I would like to dispel some of the myths around hoarding. I work with hoarders and most of you or the people you know and love are not hoarders. Worldwide an estimated 1 to 2.5 percent of the population is hoarders.
Not many considering our planet is home to approximately 7.1 Billion people.
Until recently, little was known about hoarding, even though most of us knew of someone who struggled with it. Despite being reported all over the world and throughout time, compulsive hoarding has been under-researched. Today, researchers and mental health professionals are rethinking some long-held views.
Here are 10 commonly held beliefs about hoarding and what researchers are now saying about those beliefs. Posted on LinkedIn January 9, 2012 by Stacey Feil, National Association of Professional Organizers (NAPO).
Myth #1. People who hoard are uneducated. People who hoard are often quite intelligent, articulate and engaging. Some hold advanced degrees and most are aware of, and often tormented by, their conditions.
Myth #2. Hoarding is a response to deprivation. While it was initially believed that living through periods of deprivation was a reason for hoarding, researchers have found that, in fact, most people who hoard grew up in a household where there was plenty to eat and never faced periods of material deprivation. Researchers aren’t as certain about the role of emotional deprivation.
Myth #3. People who hoard are poor. Studies have shown that most hoarders have good, stable jobs and make a decent, if not a good living. Hoarding often causes financial hardship because of the associated spending habits.
These habits can lead to lost income,
bankruptcy and even homelessness.
Myth #4. I’m just a “pack-rat.” It is possible to be a pack-rat and not be a hoarder. Excessive clutter, inability to use rooms and furniture for their intended function, interference with everyday living, and/or substantial distress are all symptoms of hoarding. Collecting and saving things does not make one a hoarder.
Myth #5. Collectors are hoarders. Having a collection does not make you a hoarder. Most collectors take pride in the objects they collect. About their collection they: take care of it (dust, polish, etc.), take steps to keep it from harm or decay, enjoy showing it to others, maintain a system of organization such that when a new item is added it is not just tossed in willy-nilly. Hoarders rarely exhibit these tendencies with their treasures.

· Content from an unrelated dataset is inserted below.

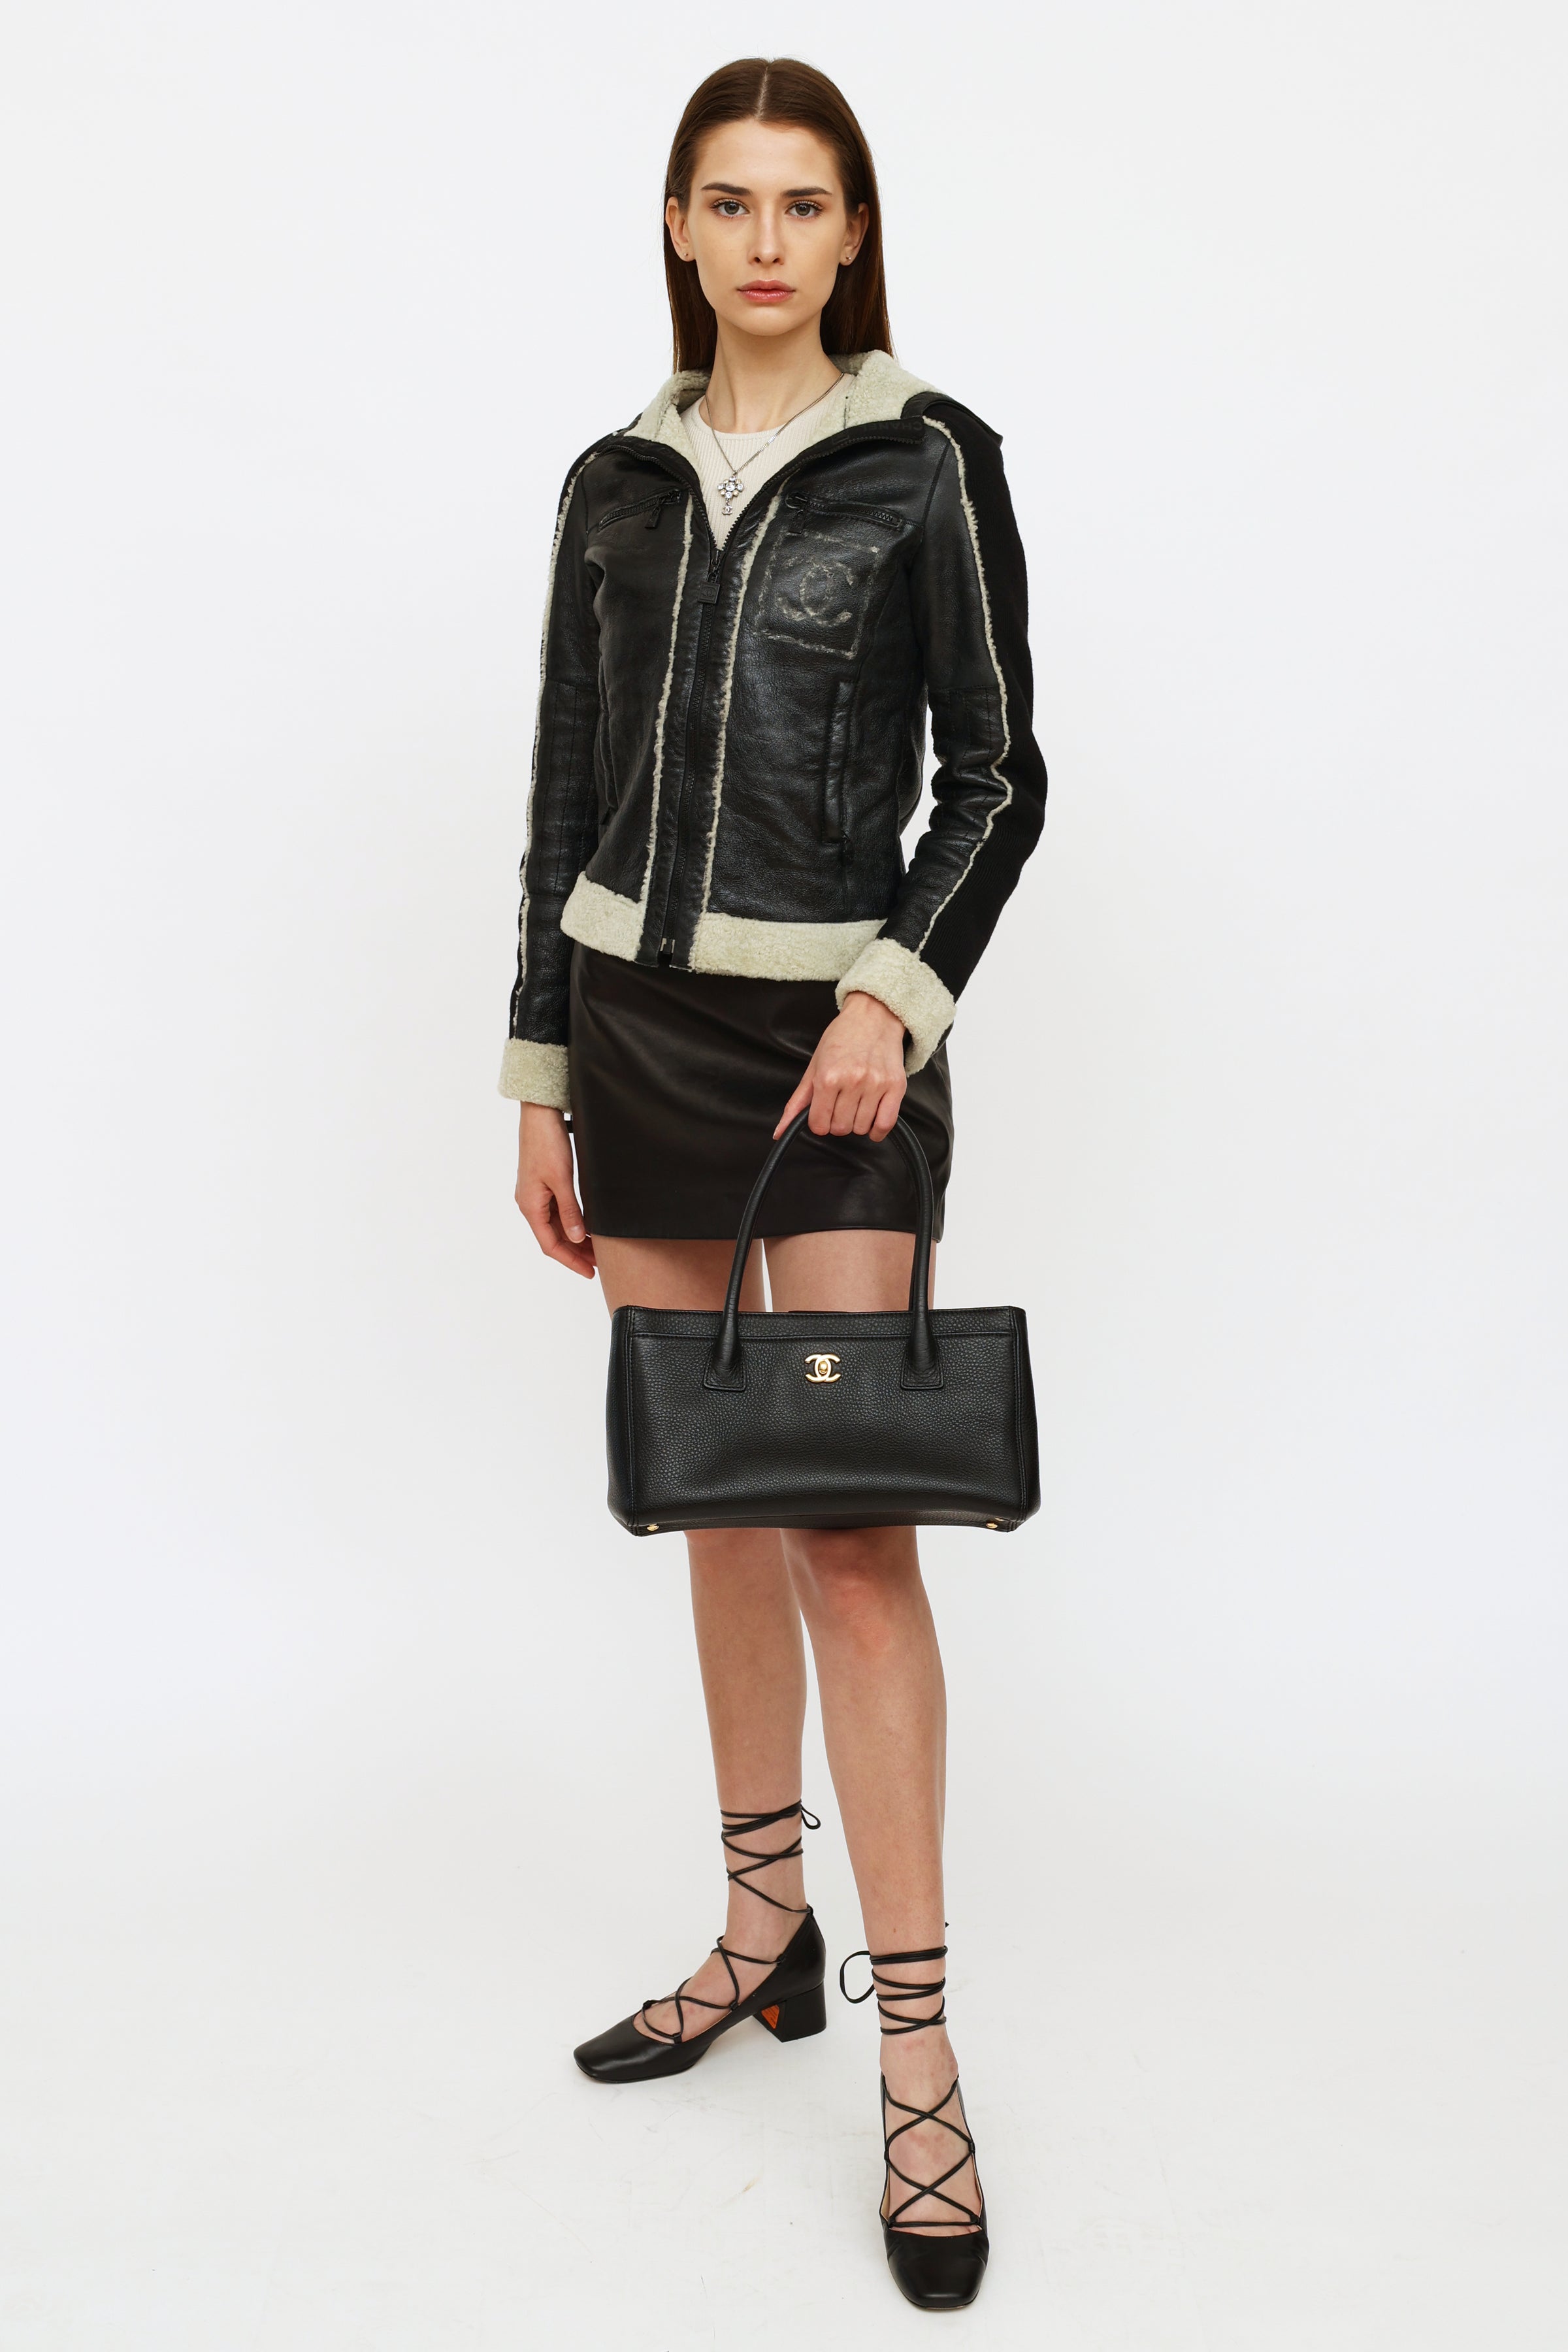 Chanel  Chanel Cerf Tote in Dark Grey on Designer Wardrobe

As long as you have the space, it does not cause financial, emotional, or physical distress to you or anyone else, and is not a safety hazard, saving and storing things for later use, “just in case,” is common and within the range of “NORMAL” behavior.
Myth #6. You can tell a person is a hoarder by the way they look. This is completely false. People burdened with hoarding are often well dressed and put-together. Outside of their living environment they are often fully functioning.
Myth #7. Just haul it all off, that’ll fix it. This may seem like the quick and easy answer, but the reality is that this can do more harm than good. Deep emotional attachments exist for each item in a person’s hoard. Consequently, even items that appear to be nothing but a piece of trash can hold great significance in the mind of its owner. Experience shows that this approach can leave the person damaged, scarred, and even more resistant to treatment. As a result, in most cases the clutter returns quickly and worse than before.
Removing or destroying this item can
stir up reactions similar to losing a loved one.
Myth #8. I was just born messy. Researchers are not certain about the underlying cause of hoarding. It’s possible that something in the brain is not operating properly in those who hoard. Furthermore it’s also possible that those who hoard have an extraordinary ability to see things that others overlook. Traumatic events could have caused a disruption or structural change in brain function. Scientists are working to uncover the mysteries of the mind of a hoarder.
Myth #9. I just need more space. While lack of space can be a legitimate issue in some situations, research has shown that those with the propensity to hoard will fill up any space, no matter how large.
Myth #10. There’s nothing we can do about it. If you or someone you know is struggling with maintaining their living space, cannot control their impulse to acquire, or is inhibited by their conditions, know that there is help out there. Contact a mental health professional in your area. The good news is that with proper treatment hoarding problems can be resolved.